In this plot, the edge of the topmost line represents the total time taken, and the space in between consecutive lines represents the time for each step.
We can see that
-
The total time increases non-linearly, even though the algorithm is $O(n)$
-
The
divide
step takes the most amount of time, with sharp increases at $\approx 3 \times 10^8$ and $\approx 7 \times 10^8$.
This makes sense, because unlike the other operations, np.divide
needs to
access two large arrays simultaneously, and write the result to a new array.
This means lots of main memory accesses, and possibly reads from the SSD, which
is extremely slow.
Broadcasting
There’s actually an optimization for these kinds of problems that Numpy has built-in called broadcasting, which virtually “projects” smaller sized vectors into larger sizes for vector-vector operations.
def basel_np_broadcast(N) -> float:
ones = 1
r = np.arange(1, N)
div = ones / r
square = np.square(div)
# As if its [1, 1, ..., 1] / [1, 4, ..., N^2]
return float(np.sum(square))
This lets us save a lot of precious cache space. Let’s run the same metrics as before. With $N=10^8$:
Operation | Time for operation (ms) | Cumulative Time (ms) |
---|---|---|
Creating ones | 0.00 | 0 |
Creating range | 68.56 | 70.48 |
Squaring range | 105.14 | 180.74 |
Dividing ones/squares | 133.08 | 271.30 |
Final sum | 71.08 | 310.41 |
From now on, I’ll refer to the broadcasted version as “the Numpy solution”.
Although a significant improvement, we still see those latency spikes. Let’s try to fix that.
Thinking About Memory
To improve the memory use of the function, we could work block-by-block, doing the same operations on small chunks of the range at a time, and adding it all up in the end.

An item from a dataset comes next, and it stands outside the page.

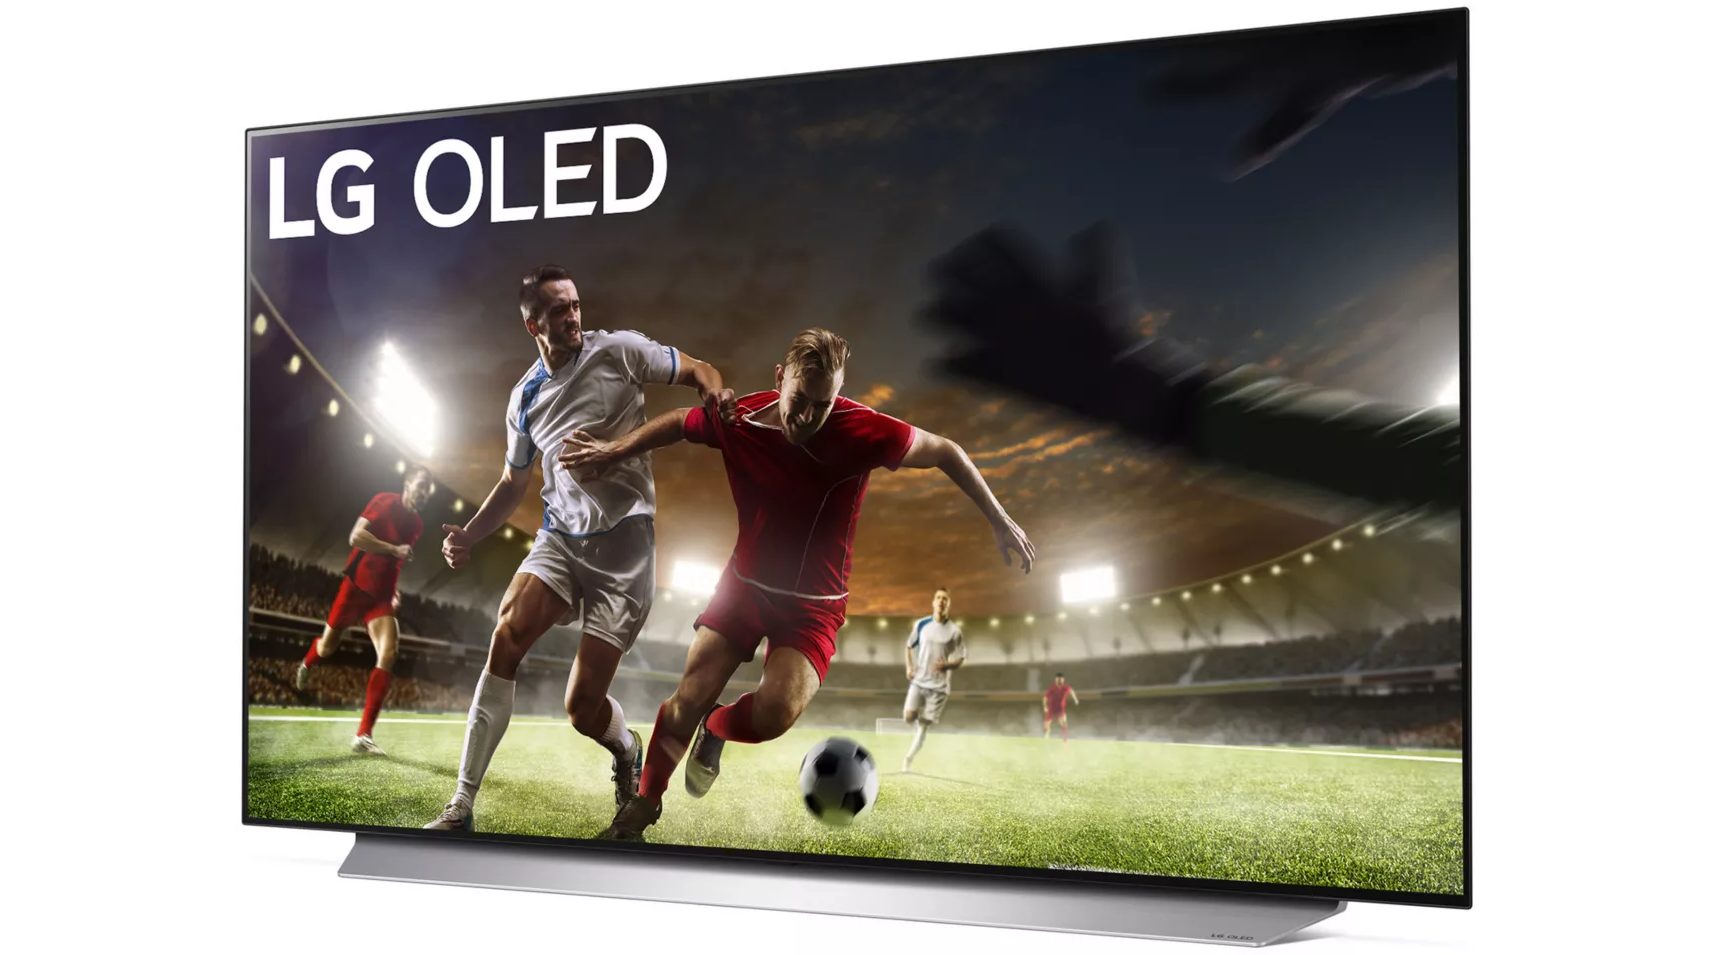 TV OLED LG - 139cm - 55C15 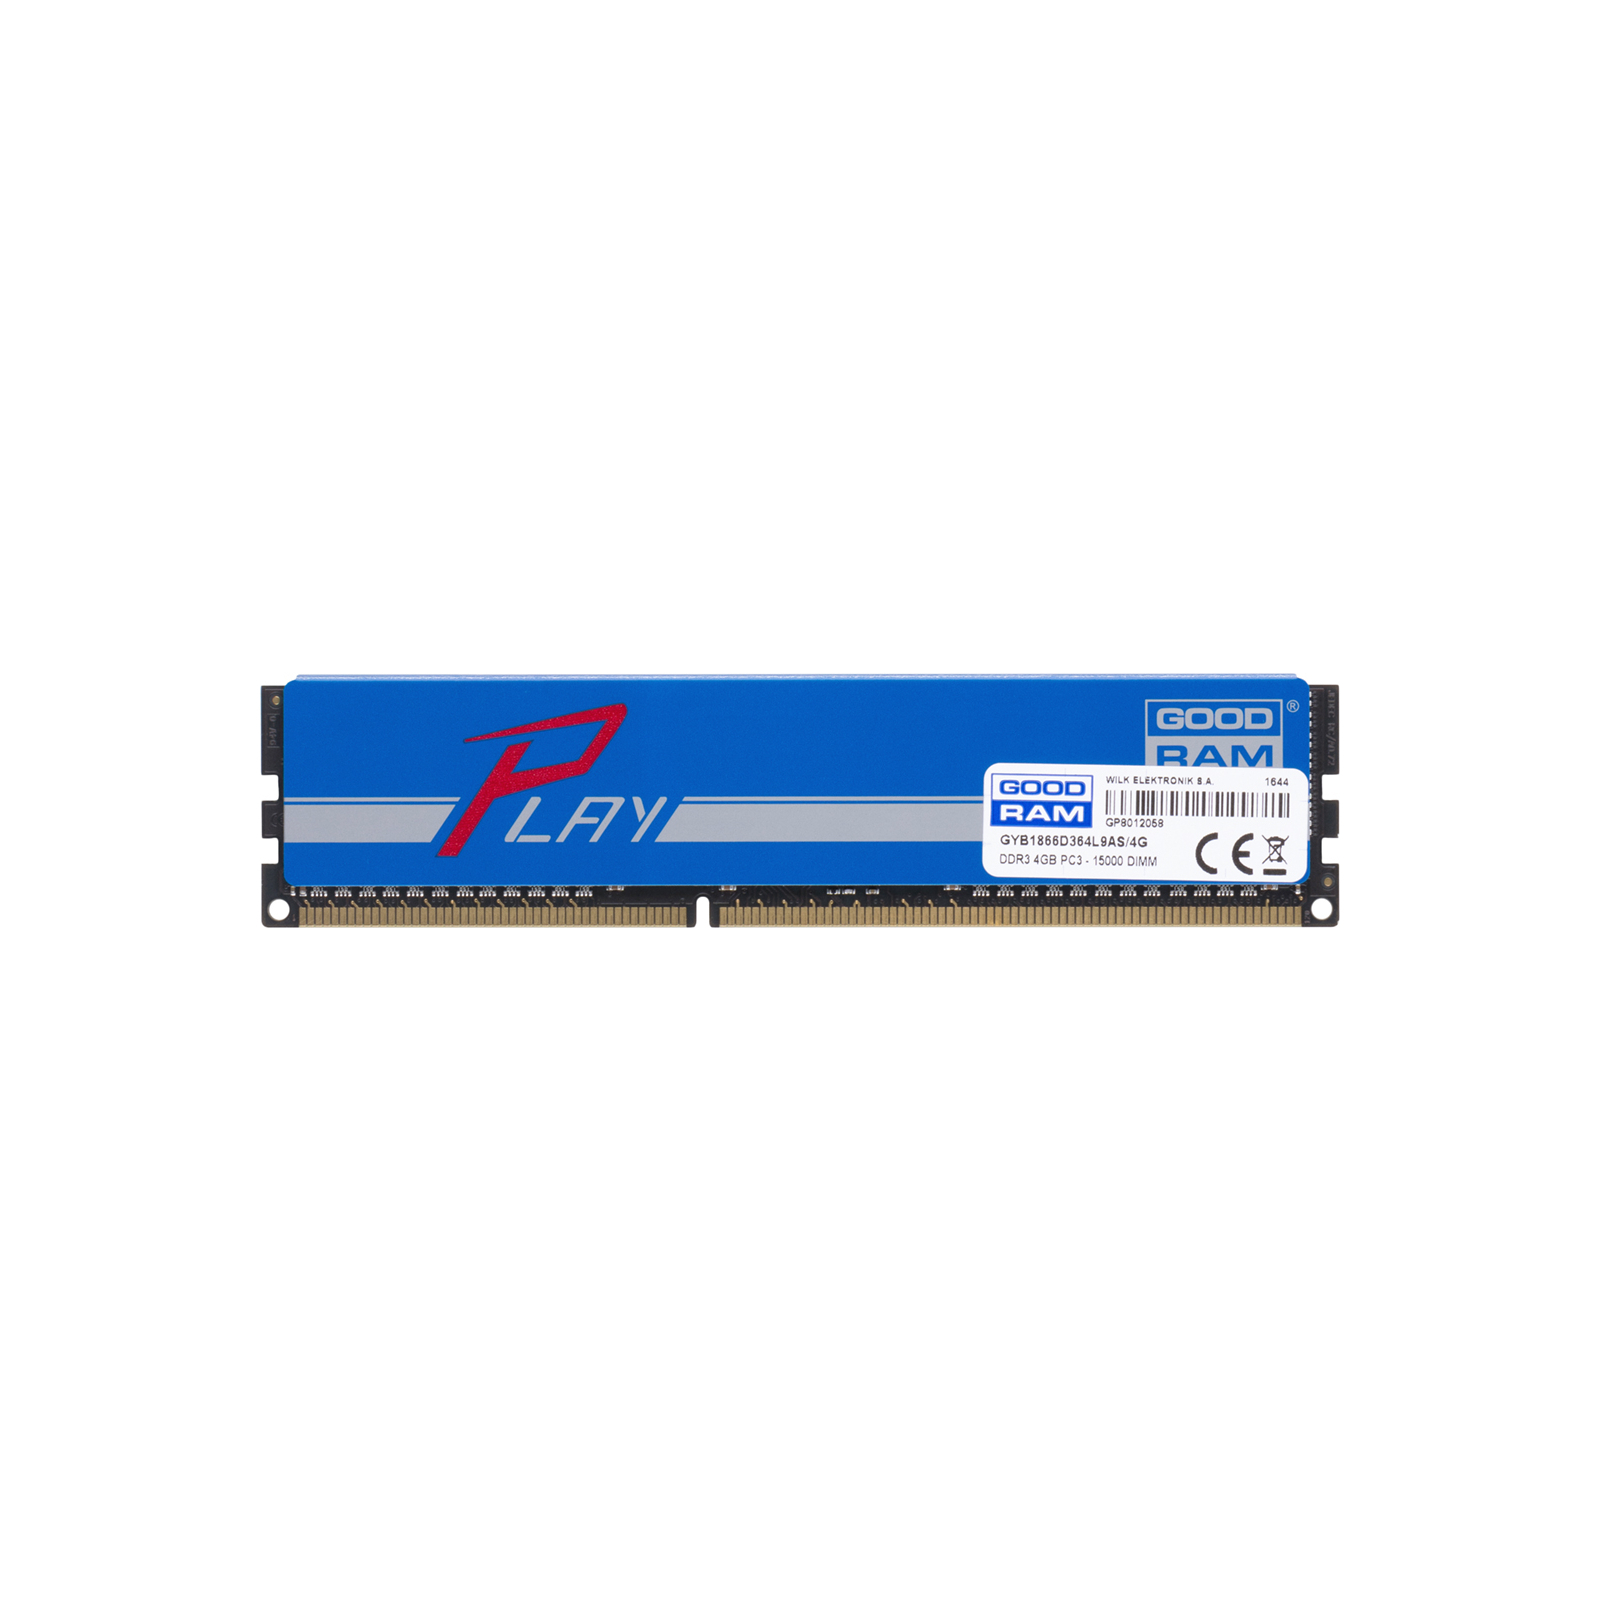 Модуль пам'яті для комп'ютера DDR3 4GB 1866 MHz Goodram (GYB1866D364L9A/4G / GYB1866D364L9AS/4G)

This would let us only keep one chunk in memory at once, and hopefully lead to better cache utilization while still benefiting from Numpy’s vectorized code.
Lets modify the function to take a range of $N$s:
# [N1, N2], inclusive
def basel_np_range(N1: int, N2: int) -> float:
# Timing code omitted
ones = 1
r = np.arange(N1, N2 + 1)
div = ones / r
squares = np.square(div)
return float(np.sum(squares))
And write a function to sum up all the chunks.
def basel_chunks(N: int, chunk_size: int) -> float:
# Timing code omitted
s = 0.0
num_chunks = N // chunk_size
for i in range(num_chunks):
s += basel_np_range(i * chunk_size + 1, (i + 1) * chunk_size)
return s
With $N=10^8$:
Function 'basel_chunks' executed in 0.108557 seconds.
1.6449340568482258
Nice! It runs $\approx 3$ times faster than the Numpy solution.
As a plus, the answer will actually be slightly more accurate, due to the nature of IEEE 754 floats. Let’s look at how the performance scales in the same way we did before, keeping the chunk size constant.
First of all, look at the y-axis. We’re now working on the scale
of seconds, not minutes. We also see that the runtime
increases linearly, consistent with the algorithm’s $O(n)$ time complexity.
We can theorize that with the chunk_size
of 20000, all of the information
is able to be fit in cache, so there are no runtime spikes for out-of-cache
access.
Let’s try varying chunk_size
in the range $[5 \times 10^2, 10^6]$, keeping $N$ constant at $10^9$.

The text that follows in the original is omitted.